As I ran, I desperately tried to come up with alternative explanations for the slight. Maybe she heard that Black folks were particularly fond of sweat and so didn’t want to be culturally insensitive by pressuring me into dryness. Or she could have imagined that I’d take it as some kind of racial insult: “What, you trying to say that I stink because I’m black?” Or did she think that I might read her helpfulness as flirtation and try to pick her up? So, she doesn’t date black guys, hunh?

But none of that really made sense to me. Clearly, I couldn’t really call it old-fashioned racism, and it wasn’t. I mean, they did let me purchase my gazillion dollar membership to the club in the first place. I could use any machine I wanted any time I wanted. The redhead and I sipped water from gym-supplied cone-shaped paper cups at the very same water fountain. That is the stuff of traditional racism. So, to make sense of what I thought had just happened, I started to think more creatively about things, very creatively: maybe she assumed that the whiteness of the towel would freak me out—that I’d think she was giving me some kind of subtle KKK reference. White towels…white sheets?

Or, instead of feeling like she didn’t want to give a black person a towel, maybe she was just intimidated. Afraid. She could have smilingly handed me one of those towels, only to have me scream obscenities at her for interrupting my running rhythm, part of the national imperative to fear black men and their penchant for violence.

When I exited the club that day, about 45 minutes later, the towel oversight was still bothering me. I looked all over the gym for that redhead before I left, just to let her know that in the future whenever I’m running on a treadmill on her watch, it was truly okay for her to give me a towel, especially if she’s readily dispensing them to everybody else in the joint.
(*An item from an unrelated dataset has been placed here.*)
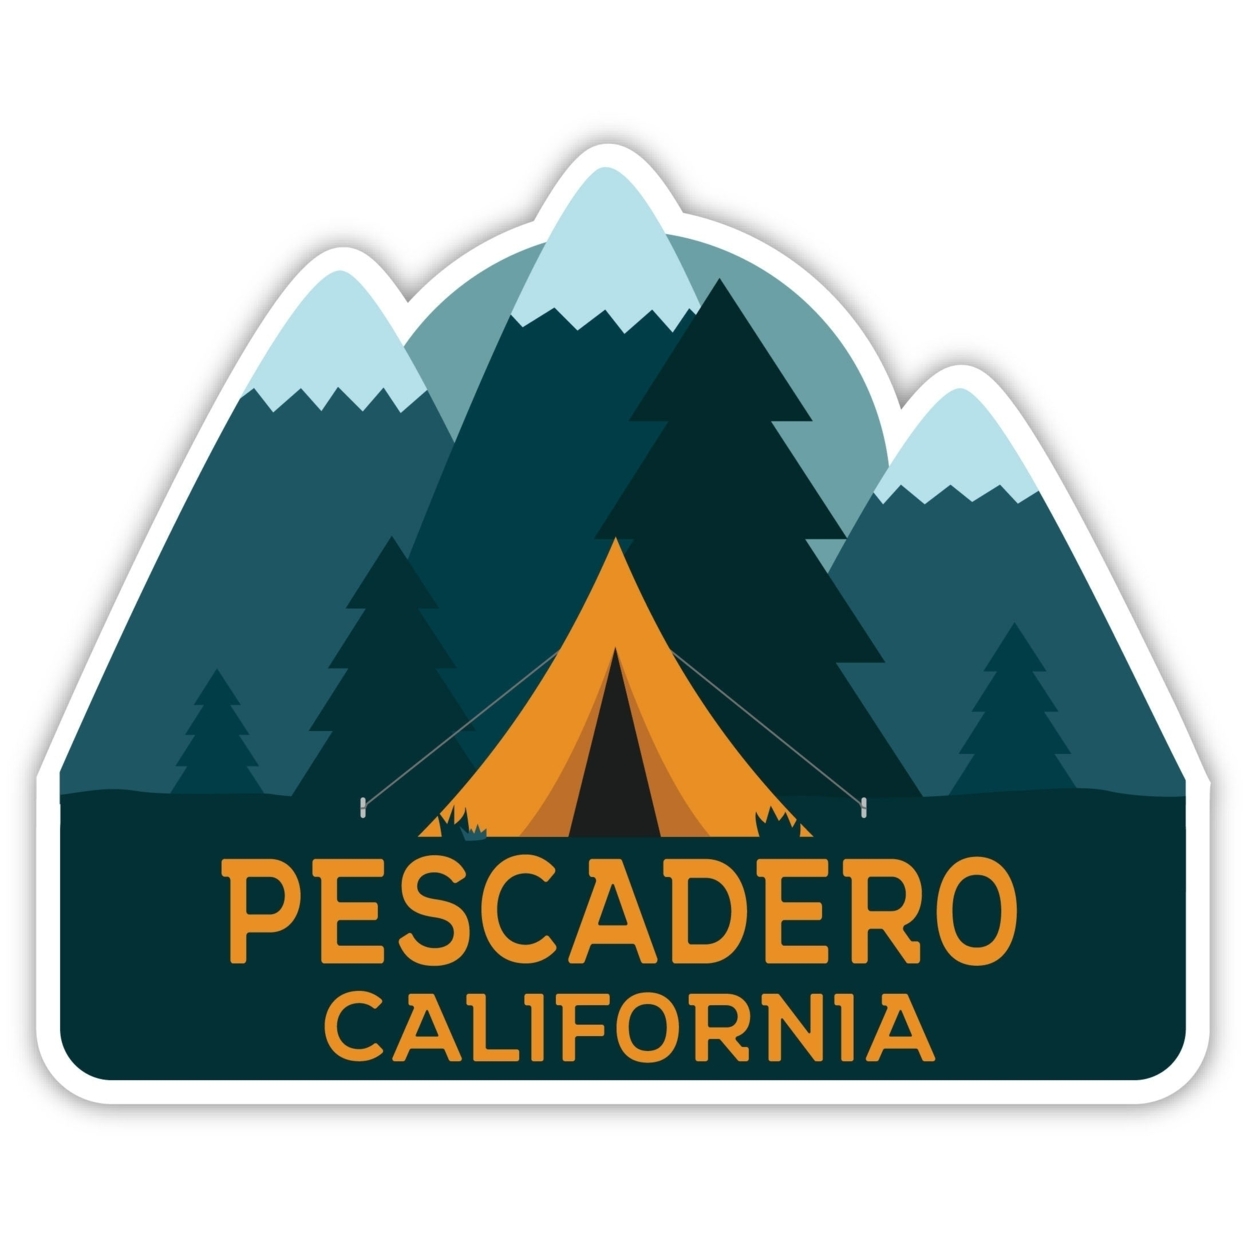 Pescadero California Souvenir Decorative Stickers (Choose Theme And Size) - Single Unit, 4-Inch, Tent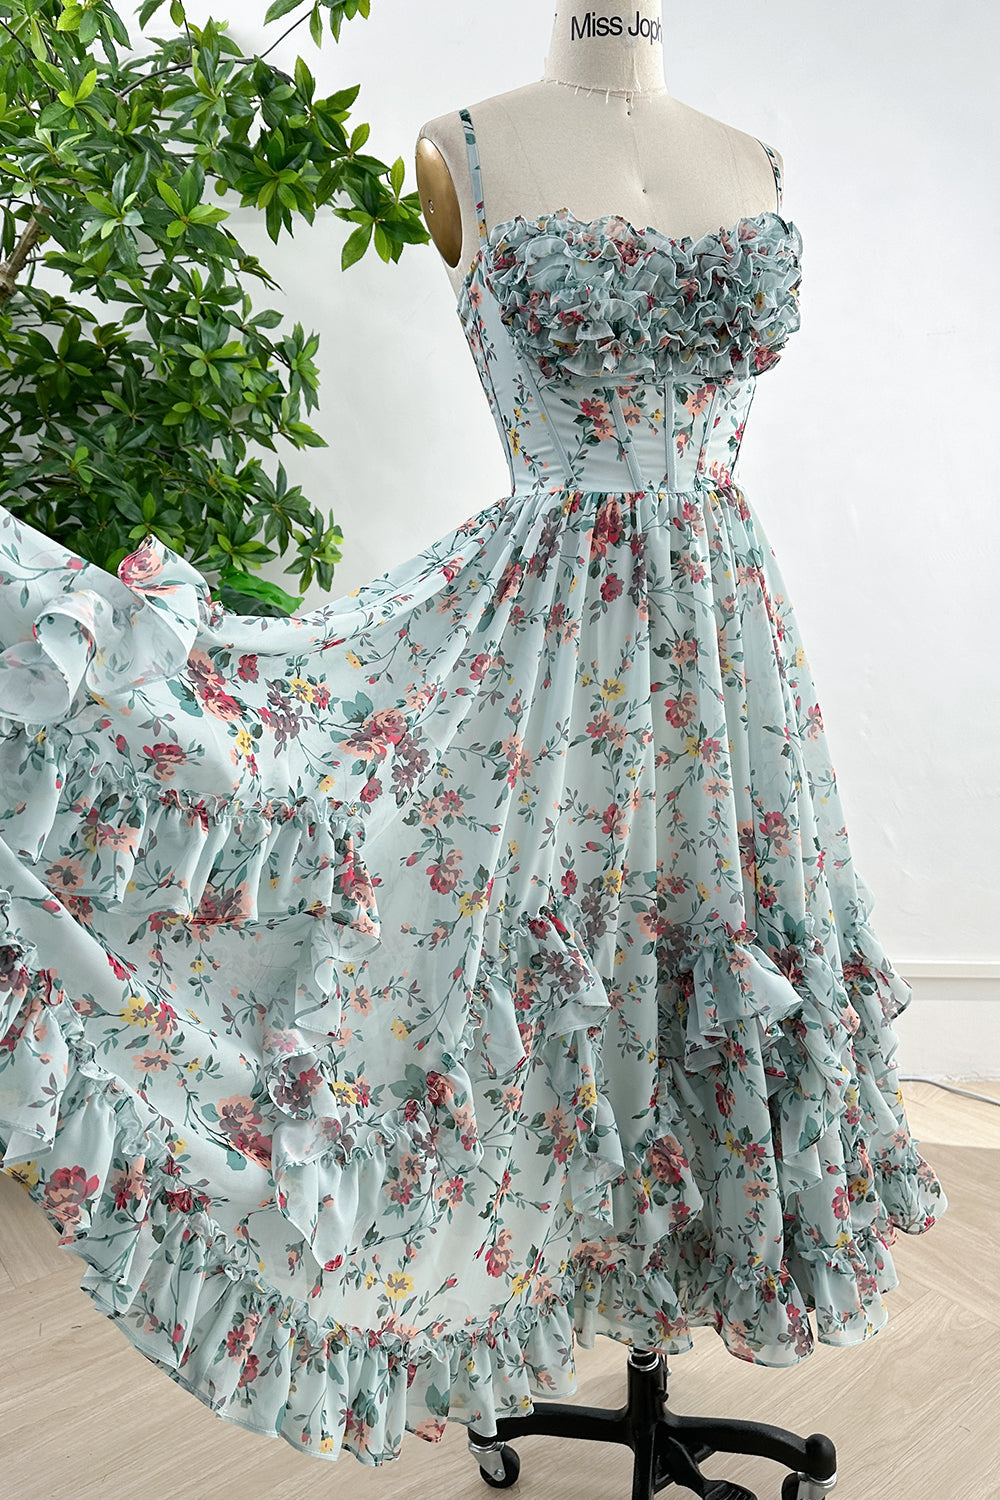 MissJophiel Spaghetti Straps Corset Floral Print Chiffon Dress

Waiting for the elevator to the parking garage, I’m still trying to make sense of things, and maybe my puzzled look translates into an unapproachable snarl, because the three other gym patrons who happen to be departing when I do, all white, choose to take a different elevator from the one I get on, even though both elevators arrive at the same time and one of the guys, a blonde thirty-something man who didn’t seem to know the other two at all, is much closer to the elevator I chose than to the one he decided to enter.

So my entire empty elevator ride down, I’m trying to figure out why they all piled themselves into a single elevator when at least one of them could have had a much less cramped ride with me.